Заболевание, вне всякого сомнения, серьезное – и вдобавок к этому сильно стигматизированное, поэтому, прежде чем заговаривать о вероятном диагнозе на букву Ш, мы старались убедиться, что симптомы полностью соответствуют критериям. «Диагностическое и статистическое руководство по психическим расстройствам» (DSM) было нашей библией. Конечно, идеальным данный метод диагностики назвать нельзя, и пациент, чтобы получить подтверждение, должен был продемонстрировать определенное количество симптомов. Во времена моей учебы DSM как раз переходило от 3-й редакции к 4-й. Чтобы определить человеку шизофрению, у него должны были не менее месяца наблюдать два или более из следующих симптомокомплексов: бредовые иллюзии, галлюцинации, бессвязная речь, кататоническое или дезорганизованное поведение, а кроме того, так называемые отрицательные симптомы, включающие нарушение беглости речи и уменьшение ее объема, вкупе с притуплением эмоций. Однако, если делюзии были очень сильными или галлюцинации включали в себя внутренний голос, без умолку комментирующий происходящее, дополнительные симптомы можно было не искать. Помимо основных проявлений, которые, повторю, для постановки диагноза должны были наблюдаться не меньше месяца, существовали и второстепенные, называемые продромальными (поскольку они предшествуют развитию полномасштабного психоза), – они должны были присутствовать не менее полугода. Учитывая, что такие симптомы могут быть вызваны и медицинскими препаратами, для окончательного диагноза человек должен какое-то время воздерживаться от приема лекарств.

Хотя симптомы могут показаться вполне очевидными, длительность их проявления обычно не настолько однозначна. А ключ именно в длительности. Но психические больные не очень хорошие летописцы – и это неудивительно. Учитывая их зыбкую связь с реальностью, хронология их собственной жизни может оказаться сильно запутанной.

Барри диагностировали «неуточненное психотическое расстройство». Это означало, что у него наблюдались некоторые симптомы шизофрении, но они не удовлетворяли критериям длительности. Ему было всего двадцать – примерно в этом возрасте обычно и случается первый психотический эпизод шизофрении, однако никто из лечащих Барри врачей не готов был вынести этот приговор.

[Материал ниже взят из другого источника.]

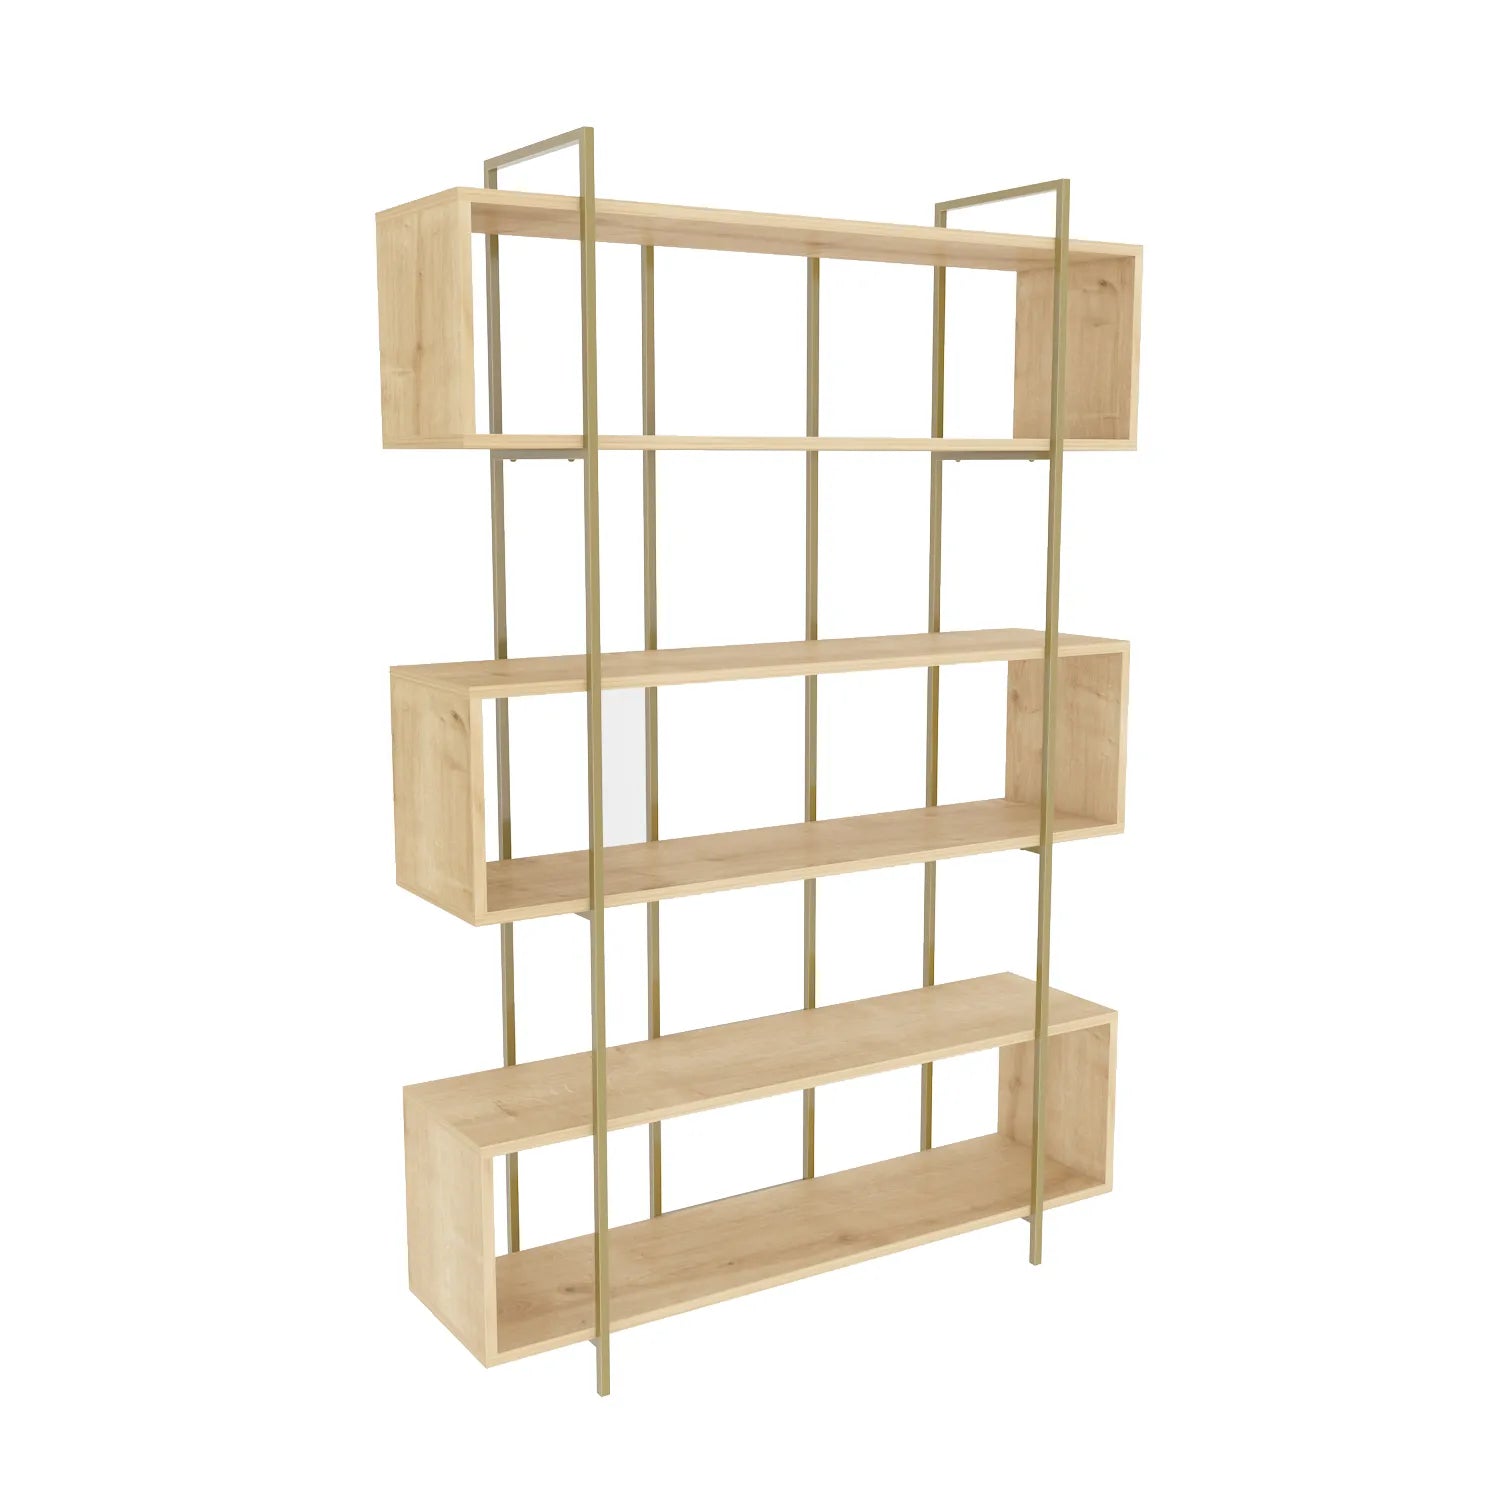 Bruti 71" Tall Geometric Metal Wood Bookcase | Bookshelf | Display Unit

Барри был тихим, замкнутым, но, в отличие от многих других пациентов, никогда не ходил неопрятным. Всегда чисто выбрит, темные волосы подстрижены коротко, почти под ноль. Когда я представился, он посмотрел на меня с лукавой улыбкой. А на мой вопрос, от чего он лечится в больнице, пожал плечами.

Я знал его историю, но хотел услышать ее в изложении самого Барри. Он учился на втором курсе в престижном колледже, однако завалил семестр и вернулся домой. Согласно записям в медкарте, им овладела довольно специфическая бредовая иллюзия: Барри уверился, что у него лишь половина мозга. Со временем он уже не мог думать ни о чем другом и перестал ходить на занятия. Никаких внутренних голосов он не слышал и других симптомов шизофрении не проявлял. Наркотики не принимал, кровь и моча чисты, как у младенца.

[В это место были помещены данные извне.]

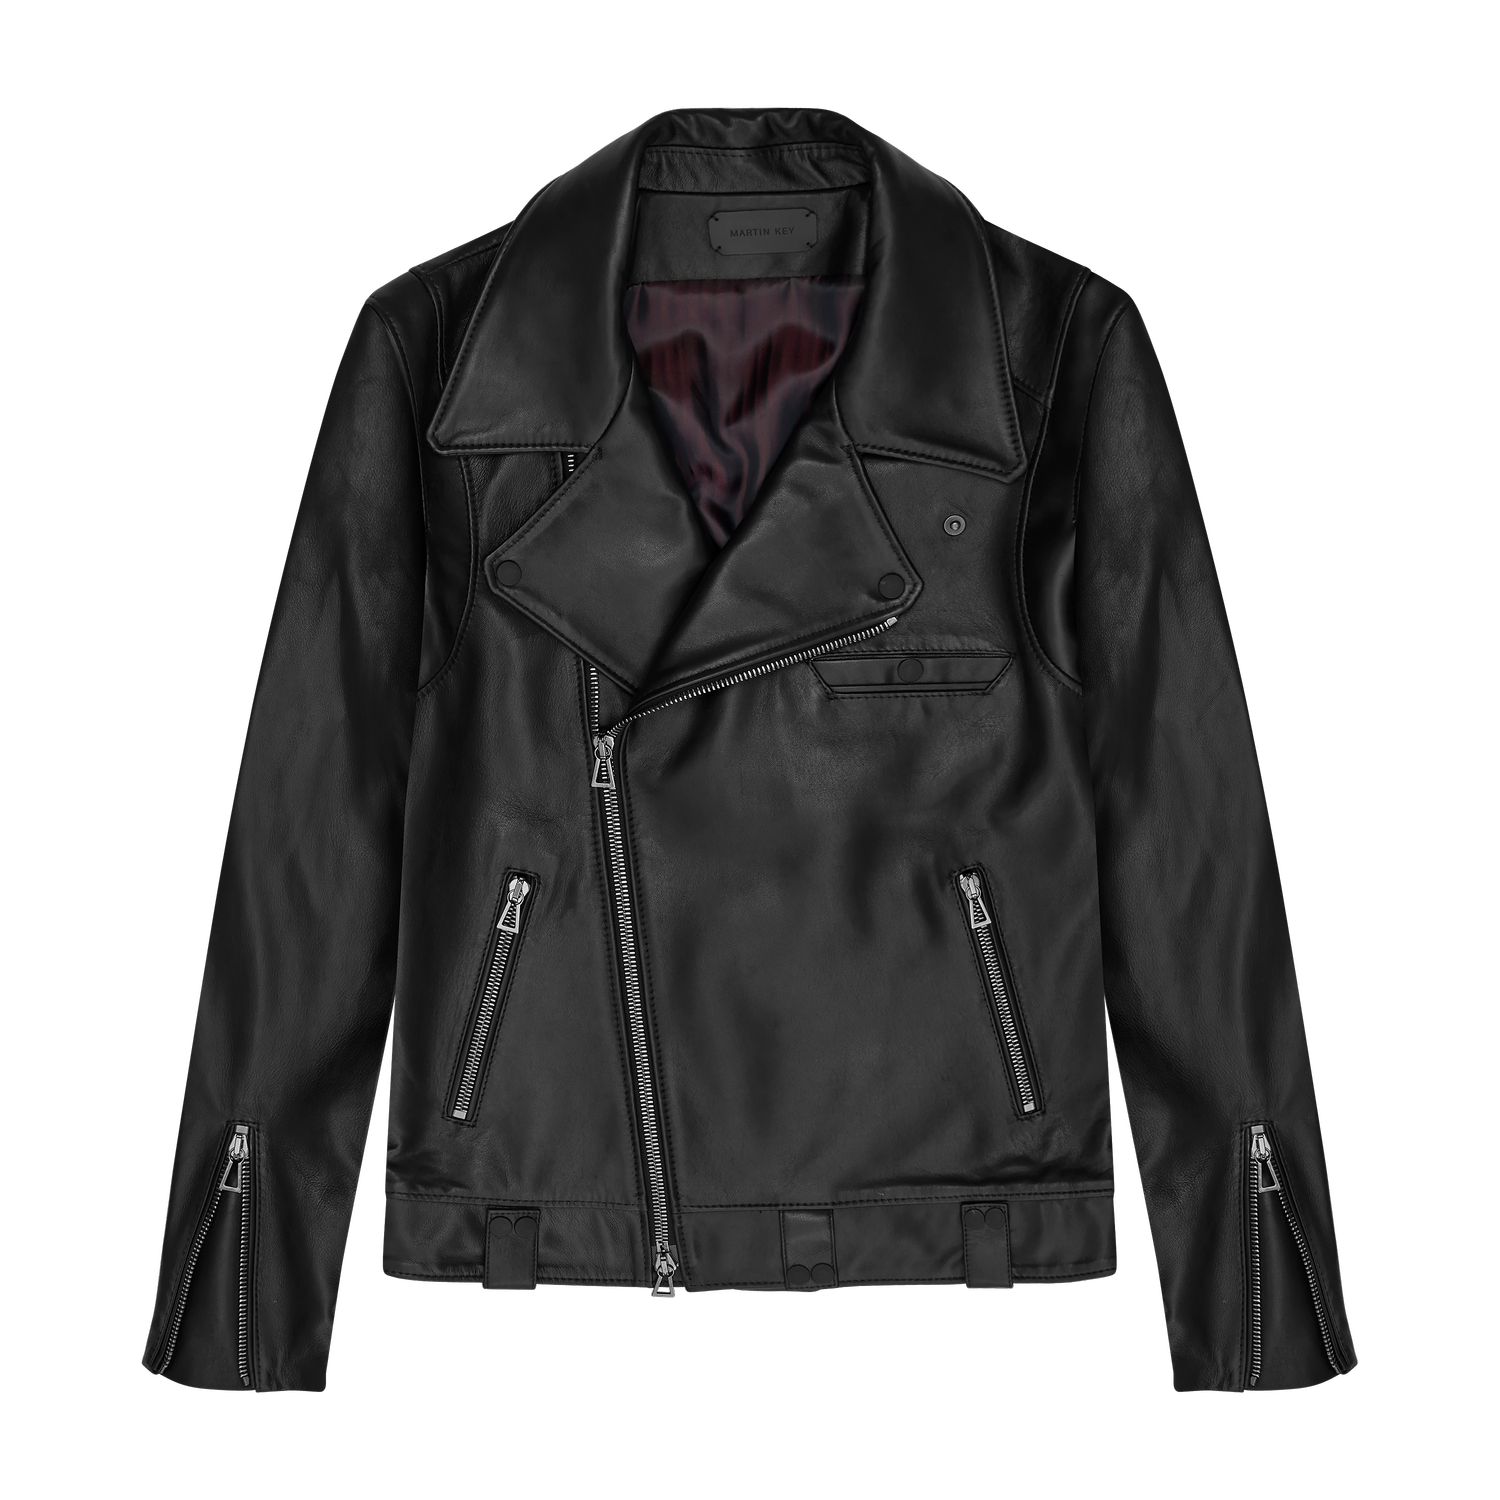 Leather jacket - Brooklyn by Martin Key

Я спросил Барри, что случилось с его мозгом.

Он пожал плечами.

Откуда он знает, что там только половина?

Он чувствует.

«Если бы у вас осталась только половина мозга, – начал объяснять я, – вы были бы наполовину парализованы». Это была тактическая ошибка. Прежде чем пытаться развеять его заблуждение, нужно было наладить хотя бы какой-то контакт.

Барри замотал головой. «Куча людей живут с половиной мозга, – заявил он. – Оставшаяся половина преспокойно берет на себя функции первой».

Формально он был прав, но такое явление обычно наблюдается у детей.

Барри был записан на МРТ. «Вот там мы всё и увидим», – сказал я.

Он лишь кивнул с безразличным видом.

Я не знал, что и думать. Этой короткой беседы мне хватило, чтобы почувствовать: развеять эту делюзию не получится. Я знал, что покажет МРТ. Утратить половину мозга – без заметного нарушения жизненно важных функций – Барри никак не мог.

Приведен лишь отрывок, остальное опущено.